现在，我对计算形状为BxB的所谓内核(甚至相似性)矩阵K感兴趣，其第{i,j}个元素的给出如下:

Now, I'm interested in computing the so-called kernel (or even similarity) matrix K, which is of shape BxB, and its {i,j}-th element is given as follows:

K(i，j)= fun(x_i，x_j)

K(i,j) = fun(x_i, x_j)

其中，x_t表示矩阵X的第t行，而fun是x_i，x_j的某些函数.例如，该函数可以是所谓的RBF函数，即

where x_t denotes the t-th row of matrix X and fun is some function of x_i, x_j. For instance, this function could be the so-called RBF function, i.e.,

K(i，j)= exp(-| x_i-x_j | ^ 2).

K(i,j) = exp(-|x_i - x_j|^2).

为此，一个简单的方法如下:

For doing so, a naive way would be the following:

K = np.zeros((B, B))
for i in range(X.shape[0]):
    x_i = X[i, :]
    for j in range(X.shape[0]):
        x_j = X[j, :]
        K[i, j] = np.exp(-np.linalg.norm(x_i - x_j, 2) ** 2)

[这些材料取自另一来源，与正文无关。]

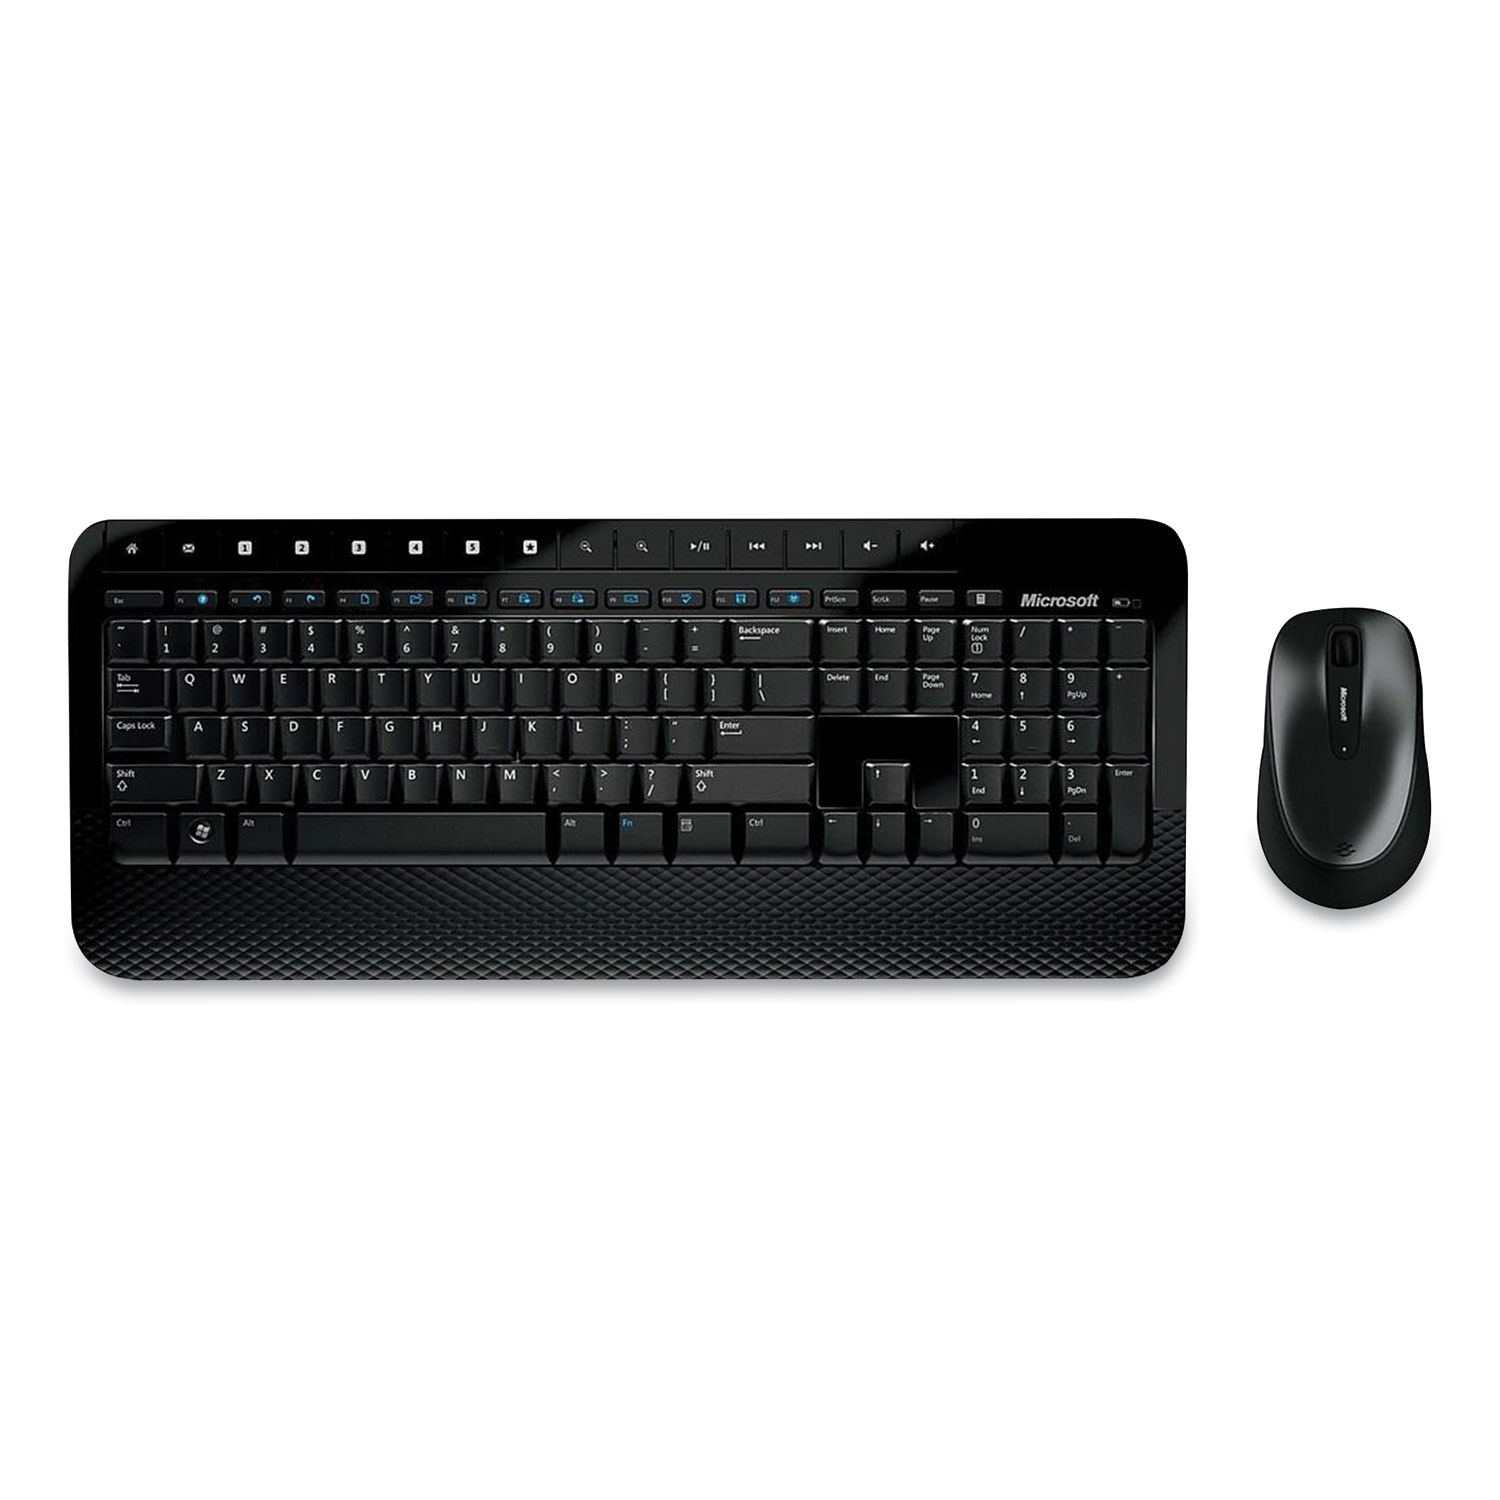  Microsoft M7J-00001 Desktop 2000 Wireless Keyboard and Mouse Combo, 2.4 GHz Frequency, Black (MSF323847)

为了效率，我想要以向量化的方式执行上述操作.你能帮忙吗?

What I want is to do the above operation in a vectorized way, for the sake of efficiency. Could you help?

推荐答案

我不确定您是否可以仅使用numpy做到这一点.我会使用方法 cdist 来自scipy库，如下所示:

I'm not sure that you can due this using only numpy. I would use the method cdist from the scipy library, something like this:

import numpy as np
from scipy.spatial.distance import cdist
B=5
X=np.random.rand(B*B).reshape((B,B))
dist = cdist(X, X, metric='euclidean')
K = np.exp(dist)

dist
array([[ 0.        ,  1.2659804 ,  0.98231231,  0.80089176,  1.19326493],
       [ 1.2659804 ,  0.        ,  0.72658078,  0.80618767,  0.3776364 ],
       [ 0.98231231,  0.72658078,  0.        ,  0.70205336,  0.81352455],
       [ 0.80089176,  0.80618767,  0.70205336,  0.        ,  0.60025858],
       [ 1.19326493,  0.3776364 ,  0.81352455,  0.60025858,  0.        ]])
K
array([[ 1.        ,  3.5465681 ,  2.67062441,  2.22752646,  3.29783084],
       [ 3.5465681 ,  1.        ,  2.06799756,  2.23935453,  1.45883242],
       [ 2.67062441,  2.06799756,  1.        ,  2.01789192,  2.25584482],
       [ 2.22752646,  2.23935453,  2.01789192,  1.        ,  1.82259002],
       [ 3.29783084,  1.45883242,  2.25584482,  1.82259002,  1.        ]])

希望这可以为您提供帮助.做得好

Hoping this can help you. Good work

编辑您也可以仅将numpy数组用于theano实现:

EDITYou can also use only numpy array, for a theano implementaion:

dist = (X ** 2).sum(1).reshape((X.shape[0], 1)) + (X ** 2).sum(1).reshape((1, X.shape[0])) - 2 * X.dot(X.T)

应该可以！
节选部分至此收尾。